I am now working on a transcriptome data set for a phylogenomic project. Building trees from huge multilocus data obtained by NGS is now widely practiced, but how reliably we can reconstruct phylogeny with them is still largely unknown.
In my data set, most loci are very little informative because sequences of exons are sometimes extremely conservative (the number of variable sites is often less than 1 in 1000bp). Some loci possibly span thousands of bases and the effect of recombination within locus may not be ignored. In addition, as is often the case with NGS data, they have a quite large number of missing sites and missing loci. I imagine that my transcriptome data boldly violate the common assumptions of phylogenetic inference.
Methods for tree inference also matter. Is concatenation of all loci better than using the multi-species coalescent methods? Do you Infer gene trees first or do all inference simultaneously?
To check the reliability of my phylogenetic inference, I searched recent papers reporting the effects of the model violations and how different methods behave under different conditions and summarized them.
-Recombination
Lanier & Knowles(2012) reported that the effect of recombination is negligible, at least, within the range of recombination rates they tested (ρ=0.1 – 20) and with programs they used. Their simulations showed that sample size and depth of species tree have much stronger effects on the accuracy of the multispecies coalescent methods.
Springer & Gatesy (2016) questioned the use of recombining loci. They suggest that the effective lengths of non-recombining portion of genes are infinitesimally small and it’s illogical to use multispecies coalescent methods to infer phylogeny with the frequently recombining loci.
There are only a few works on the effects of recombination on phylogenetic inference. However, the idea that the recombination is negligible looks plausible for me because recombinations in deep ancestral populations seem to rarely affect the shape of gene trees.
-Low-variation locus
There are opposite views on the usefulness of low-variation loci. A paper by Lanier et al. (2014) said that adding low-variation loci (loci with θ=0.001, equivalent to 1 difference in 1000 bp) did not add accuracy to two-step likelihood inference (that is, gene tree inference followed by species tree inference). On the other hand, a Bayesian method, *BEAST, can gain the accuracy from these marginally informative loci. They concluded that handling gene tree uncertainty is particularly important when you analyse little-informative data sets.
Xi et al. (2015)‘s results are quite opposite. They reported that the two-step inference, RAxML gene trees + MP-EST species tree, can indeed improve the accuracy with a large number of low-variation loci. They suggested it is biased gene trees which compromise accuracy.

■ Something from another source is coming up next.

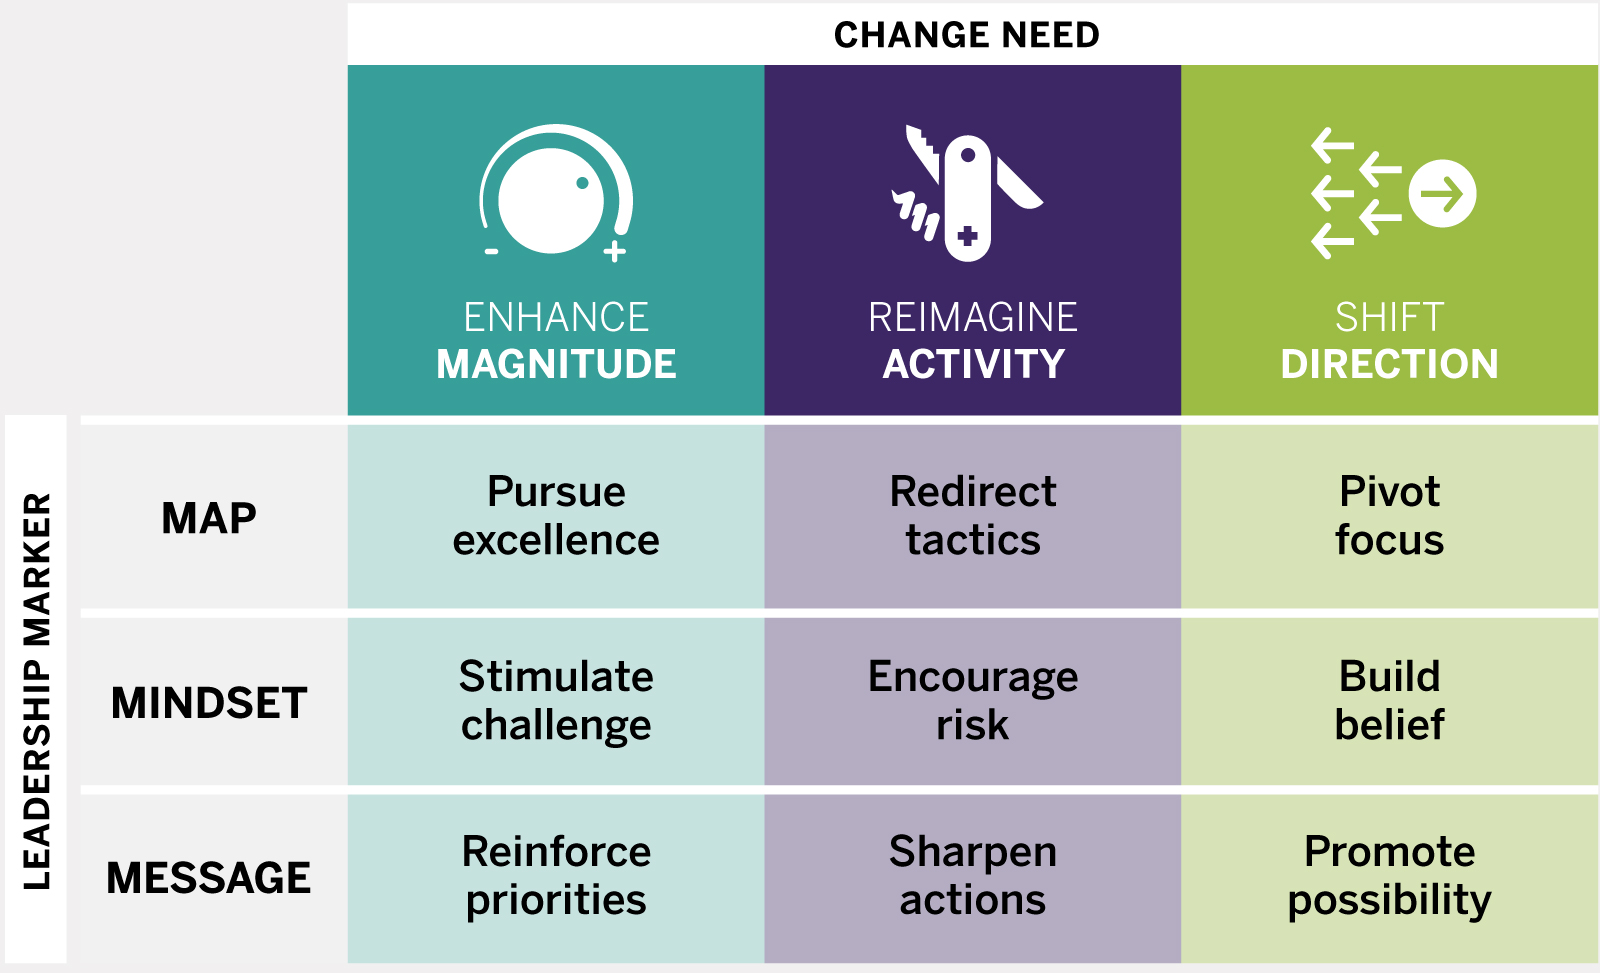 Using Change Goals to Inform Leadership

I guess that these difference resulted from a slight difference on the methods they used. While Lanier et al. used a majority rule consensus from MrBayes to build gene trees, Xi et al. used a maximum likelihood of RAxML. By taking a consensus tree, the signals of low-variation loci was probably wiped out and the loci became completely uninformative. If they had used the methods like maximum clade credibility tree instead of consensus, results might have been different.
One surprising point is that even small non-randomness in programs can positively mislead inference when you use a very large number of loci.
-Missing data
There has been a long tradition of debates over effects of missing data on phylogenetic inference. So, a plenty of papers consider this issue. A recent thorough evaluation is Xi et al. (2015) (another work of the authors above). Their general conclusion is missing data can reduce the accuracy of tree inference, especially when they concentrate in some species. The detrimental effects of missing data is minimal when missing is “locus-based”, that is, some loci have more missing than others. Similar detrimental effects of “taxa-based” missing were reported by Roure et al. (2013).
This is probably the most problematic issue when handling NGS data. They often have a large variation of read coverages across samples, and consequently, missing data are more abundant in some samples than others. This “biased missing” must lead to decline of accuracy. How this type of missing affect tree shape is yet to be studied.
—
The parameters to be considered and their combinations are huge when we work on large scale multilocus phylogeny. Though there are a large number of papers testing the accuracy of inference under particular violations of models, we can not cover all possibilities. But, I found some important points, especially on the choice of methods and treatment of missing loci/sites.